Dalsza część artykułu pod materiałem wideo
Zobacz też: Żukowska uderza w Tuska. "Zastopował wiele rzeczy przed wyborami"
Afera mieszkaniowa Nawrockiego
Sprawa mieszkania kandydata na prezydenta popieranego przez PiS to pokłosie publikacji portalu Onet, który ujawnił, że wbrew wcześniejszej deklaracji Nawrocki nie jest właścicielem jednego, a dwóch mieszkań. Poza mieszkaniem w Gdańsku, w którym mieszka z rodziną, posiada w Gdańsku również kawalerkę.
Kilka dni później portal podał, że w 2017 roku Jerzy Ż. - ówczesny właściciel kawalerki - przekazał ją Nawrockiemu i jego żonie w zamian za opiekę i utrzymanie, czyli na zasadzie umowy dożywocia, jednak mężczyzna trafił do Domu Opieki Społecznej.
Pracownica opieki społecznej, która opiekowała się Jerzym Ż. od wiosny 2022 r. do wiosny 2023 r., powiedziała Onetowi m.in., że "pan Jerzy żył w nędzy" i "praktycznie nic nie miał", że próbowała się dowiedzieć od Nawrockiego, dlaczego nie pomaga emerytowi, skoro przejął jego mieszkanie i wysłała w tej sprawie do niego list.

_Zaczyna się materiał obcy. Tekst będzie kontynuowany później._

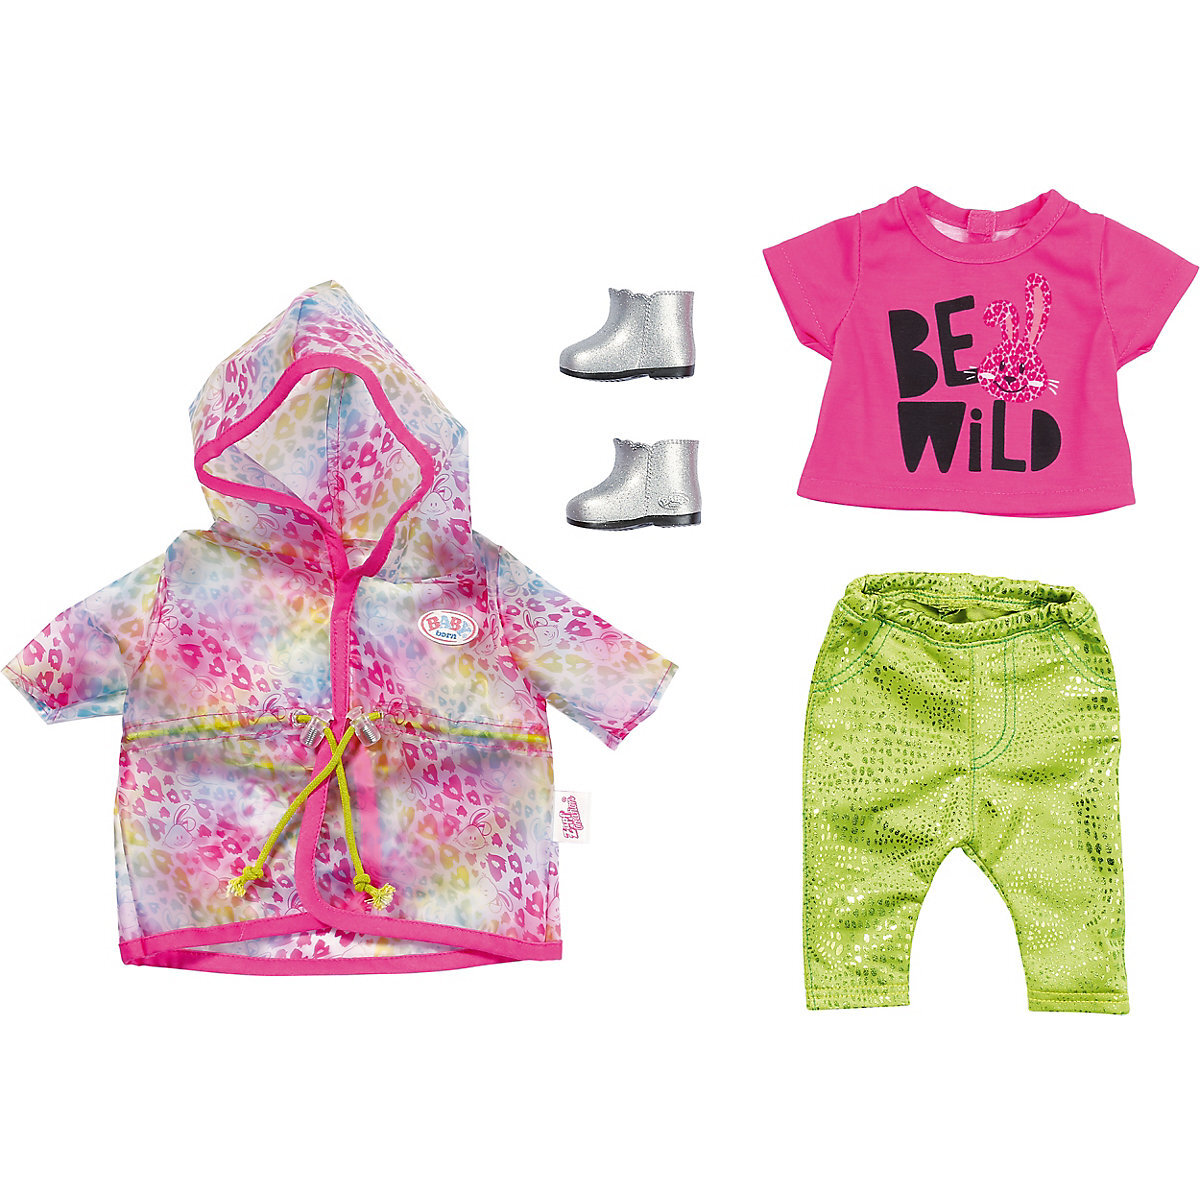 Zapf Creation комплект одежды для куклы Baby born 823828

W odpowiedzi na te doniesienia Nawrocki opublikował w internecie złożone przez niego jako prezesa IPN oświadczenie majątkowe z 2021 r., w którym wymienił dwa mieszkania własnościowe, które posiada z żoną, oraz 50-procentowy udział w mieszkaniu jego żyjącej matki.
Zdaniem Nawrockiego nabycie przez niego kawalerki w Gdańsku "dokonało się w pełni zgodnie z prawem". W ubiegłym tygodniu mówił, że kwestia pomocy udzielanej przez niego Jerzemu Ż. i nabycie mieszkania to oddzielne sprawy i że w kwestii mieszkania nie ma sobie nic do zarzucenia.
Nawrocki poinformował też, że przekaże kawalerkę w Gdańsku na cele charytatywne. Podczas poniedziałkowej telewizyjnej debaty kandydatów na prezydenta, Nawrocki oświadczył, że "pomógł człowiekowi", kupił od niego mieszkanie i przekazał je ostatecznie na cele charytatywne. Zapewnił, że po zakupieniu mieszkania nadal brał odpowiedzialność za Jerzego Ż.